One controller won't do the same job. With one controller I have to choose between half the current to each motor or half the voltage.

I agree that I need a set of lithium batteries. They're on the slate for next season. The Optima yellow tops worked well at the shootout, they were not the limiting factor in this particular instance. The road race was a different story. Capacity left me sitting at the side of the road.


----------



## Bowser330 (Jun 15, 2008)

so the video says 21 yellowtop 12V batteries so that means 252V...right?

So im assuming because they CCA = 750A, your dual solitons are connected in series to the battery pack and are sharing the packs 252V, so, only 126V each.


----------



## Brute Force (Aug 28, 2010)

The batteries are all in series. Fresh off the charger the pack voltage is 275 volts. The Solitons each get the full pack voltage. I'm sure the voltage sags considerably under load.


----------



## Bowser330 (Jun 15, 2008)

Brute Force said:


> The batteries are all in series. Fresh off the charger the pack voltage is 275 volts. The Solitons each get the full pack voltage. I'm sure the voltage sags considerably under load.


What do you have the soliton's set for motor voltage? 

Since the yellow top D34's are rated at 750 CCA & 870A when warmed up...i agree that your voltage is sagging considerably when drawing 1000A from the pack...(500A for each Soliton & Motor)

So if each motor is only getting 500A, and if you have the motor voltage limit set at 150V then that is only 75kw for each motor...also 500A in a warp9 motor is only about 110ftlbs of torque so...

Total hp/tq output:
200hp
220ftlbs 

If you are to upgrade to lithium, you can build a pack that can output 2000A and provide the full 1000A to each warp9, doing so would increase your torque to 277ftlbs each (554ftlbs total)

according to data from jack r., the warp9 @ 1000A produced 156hp @ 3200rpm

So with Lithium..
312hp @ 3200rpm
554ftlbs


----------



## Brute Force (Aug 28, 2010)

Motor voltage limit is set at 150 volts.

You're equating motor current and battery current, which is incorrect.

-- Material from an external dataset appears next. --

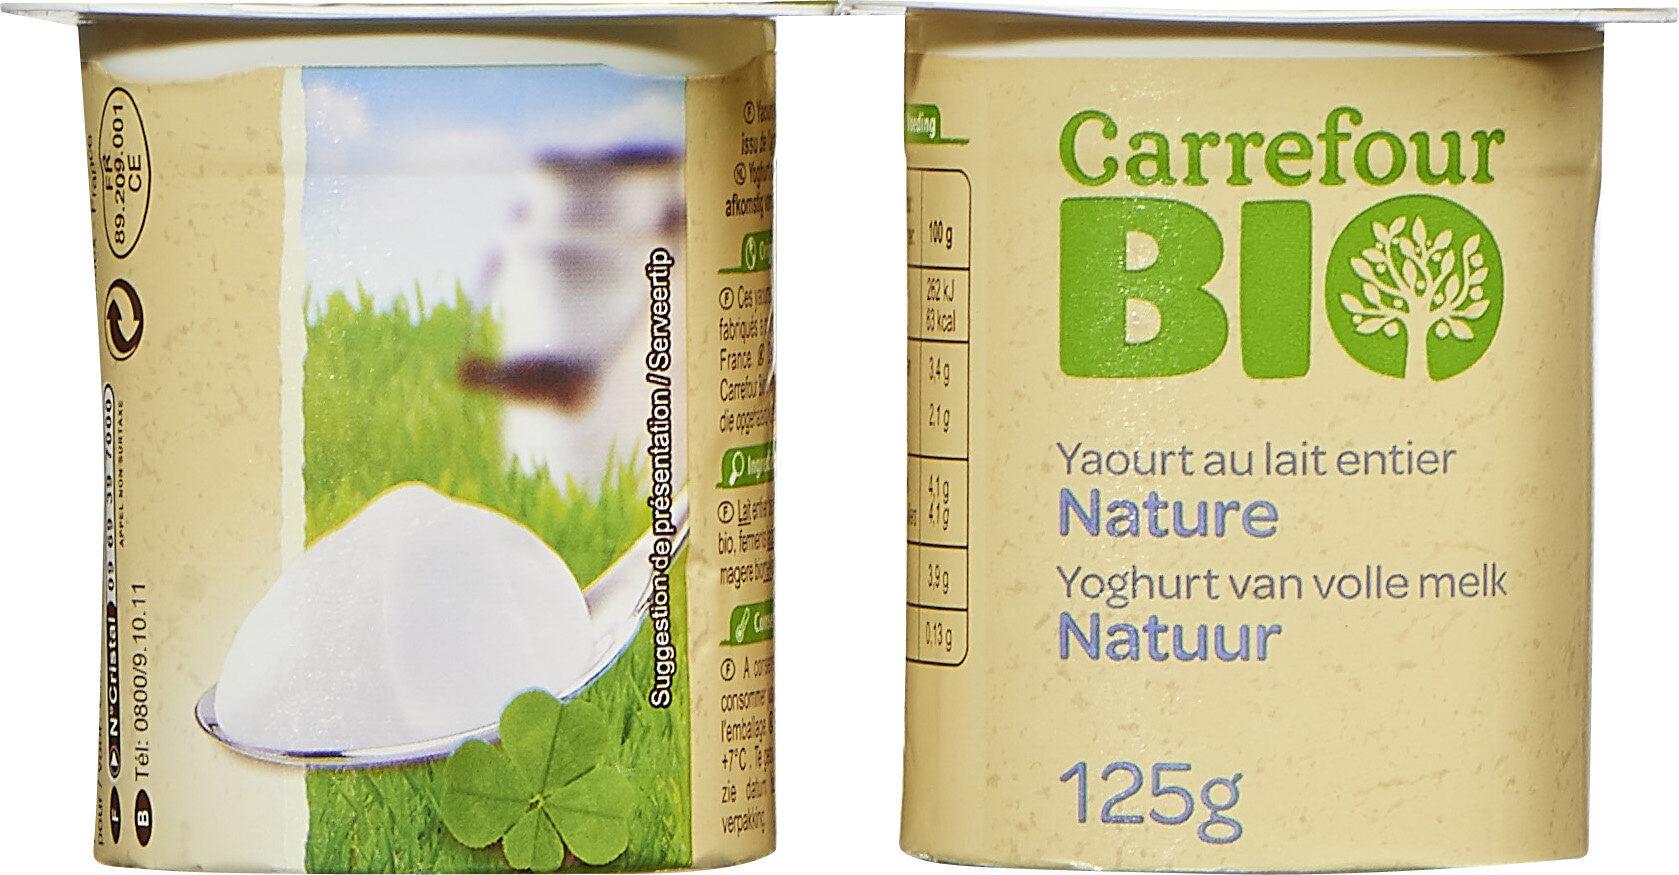 Yaourt au lait entier nature - Продукт - fr

It's the motor and battery wattage that are equal (approximately).

From a dead stop up to around 40 MPH the system is running in the current (torque) limited region, and the controllers will put a full 1000 Amps into each motor. After that the system is operating in the watt (horse power) limited region and the controllers back off the current to maintain a constant 75KW. I LOVE these Solitons!

My choice of limits were conservative to reduce my chances of a (another) spectacular failure, both motor and battery. I really wanted to get to the road race this year, which I did.

The lithium battery packs are already on the drawing board. They'll drop my gross weight by 600 lbs, triple my kWh capacity, and double the useful amps.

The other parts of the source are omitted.